We started with the ABX₃ perovskite halide formability dataset used by Li et al. (2008) consisting of 186 labeled compounds. From this dataset, five compounds (viz., KSmCl₃, CsGeCl₃, LiCoBr₃, KCoBr₃, and KCoI₃) were omitted since the bond valence features were not available for these compounds. Furthermore, we augmented the dataset with four tin fluorides, namely NaSnF₃, KSnF₃, RbSnF₃, and CsSnF₃, for which formability labels became available only recently (Tran and Halasyamani, 2014). Thus, the final dataset contained 185 ABX₃ compounds with known labels and 11 features.

The chemical space covered by the compounds in the training dataset is depicted in Figure 1B. The 185 ABX₃ perovskite halides contain eight different A-site cations (viz. Ag, Cs, Cu, K, Li, Na, Rb, and Tl) and twenty B-site cations (viz. Ba, Be, Ca, Cd, Co, Cr, Cu, Eu, Fe, Hg, Mg, Mn, Ni, Pb, Sn, Sr, Ti, V, Zn, and Zr). Cu appears on either A- or B-sites. The X-site has four different possible choices of F, Cl, Br, and I.
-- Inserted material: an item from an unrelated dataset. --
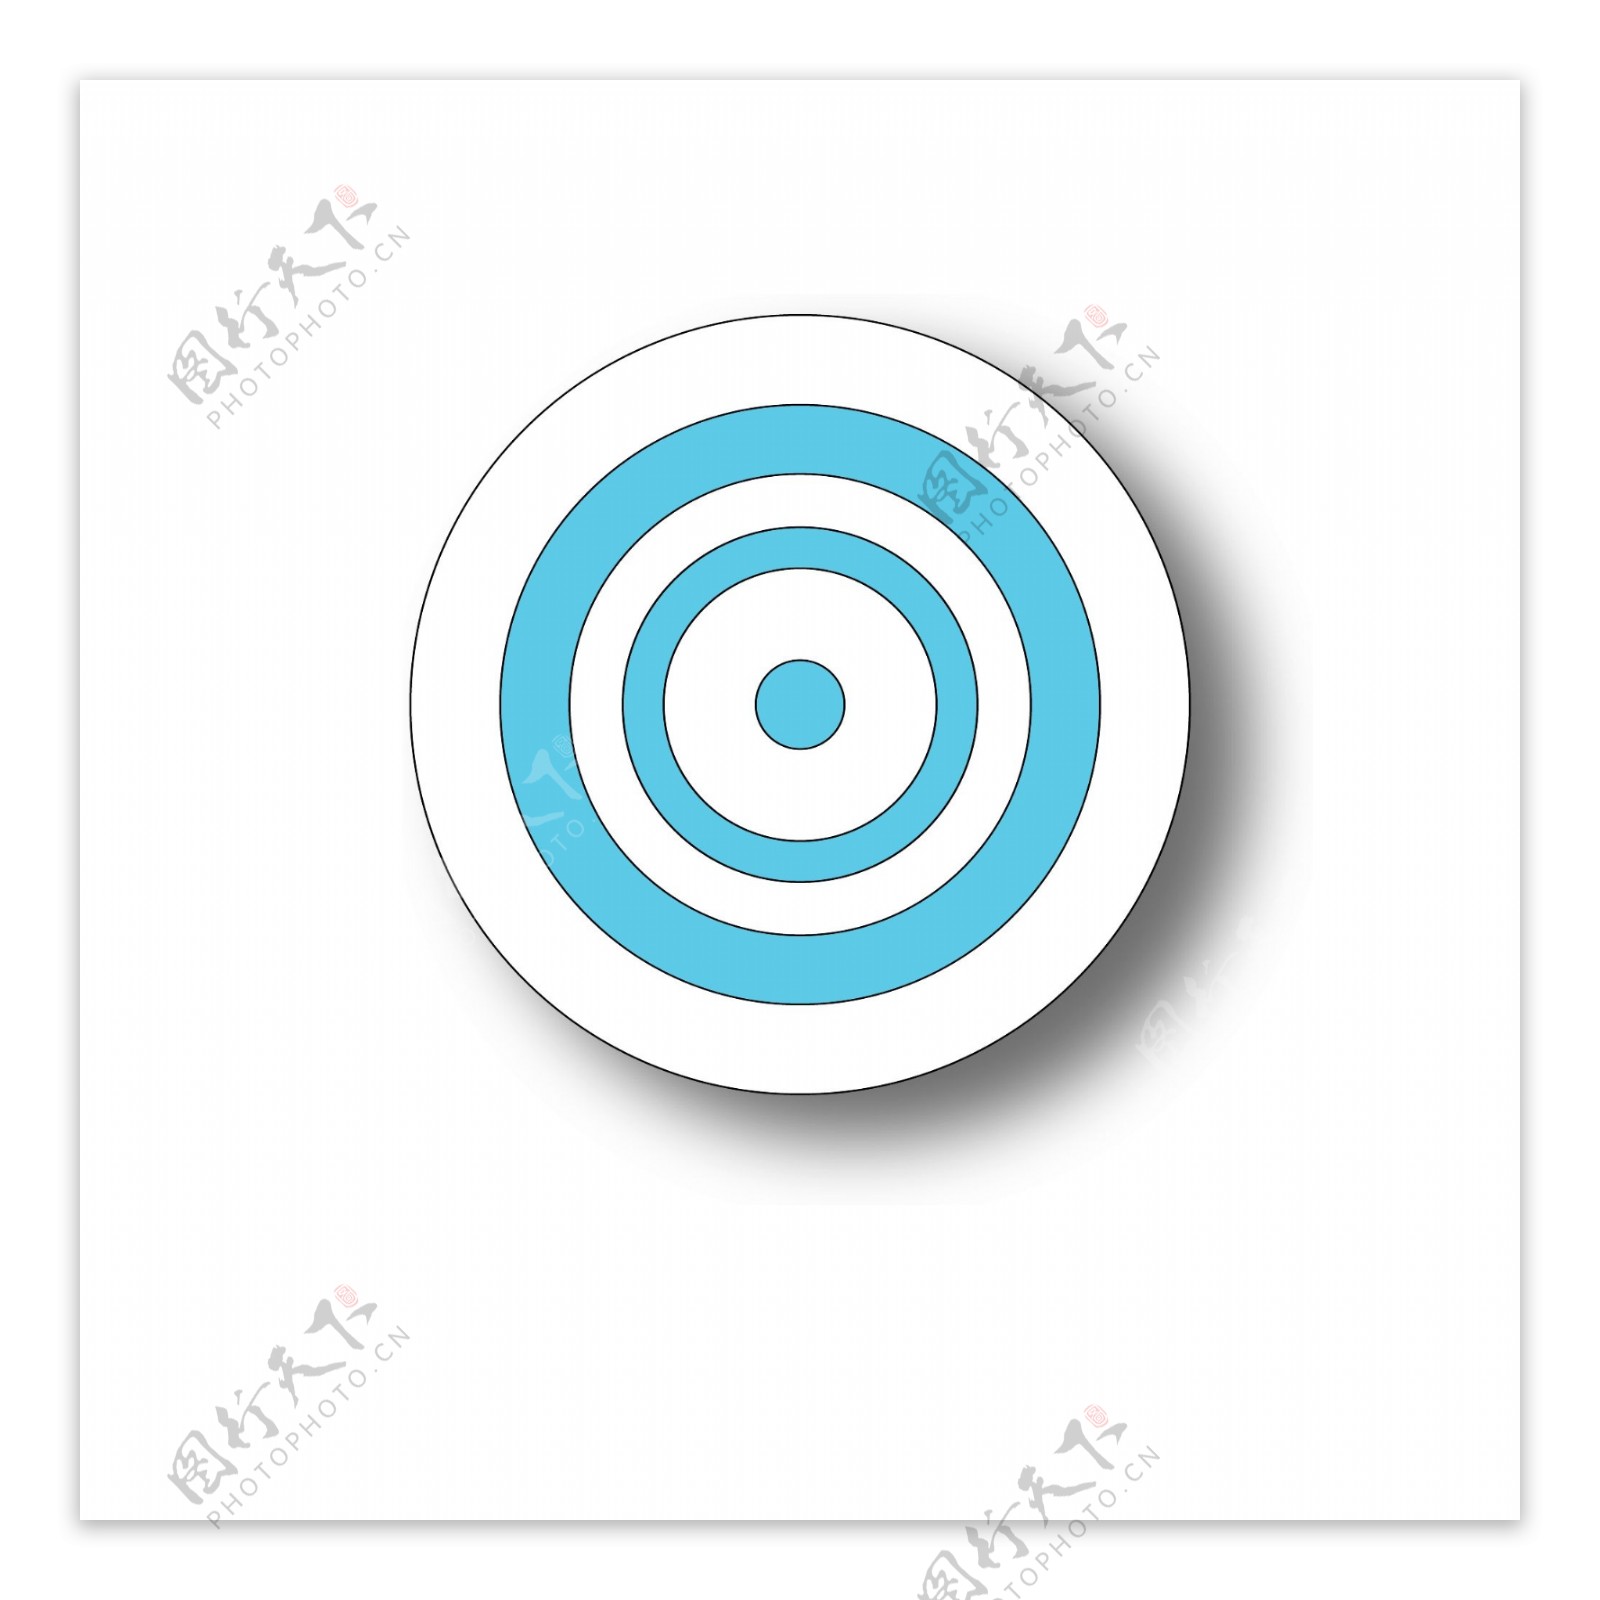 蓝色圆环目标靶心元素

Owing to the inherent interpolative nature of ML approaches, we confined our exploration to the above restricted chemical space of perovskite halides throughout this study. Within this space, a total of 640 unique compounds exist, out of which 185 (<30%) are known from previous experiments. The remaining 455 are not explored in the literature and our objective is learned from 185 known compounds via ML and infer or predict the formability of the remaining 455 compositions for rationally guiding the experimental synthesis efforts.

3. Machine Learning Model

For the binary classification problem at hand, each instance of our data is described by an Ω-dimensional feature vector $\vec{x}$ = ( f₁, f₂, f₃, …, f_Ω) and a label y. The label has a value of +1, say for perovskites, and −1, for non-perovskites. A support vector machine aims to find a function that for any given $\vec{x}$ has a value of ±1. Ideally, it is desired to generate a decision boundary in the space of features that maximizes the distance (also known as margin) of the closest instance from either class from it. Instances are defined as points in the hyperspace of features that lie on one side or the other of this hypersurface.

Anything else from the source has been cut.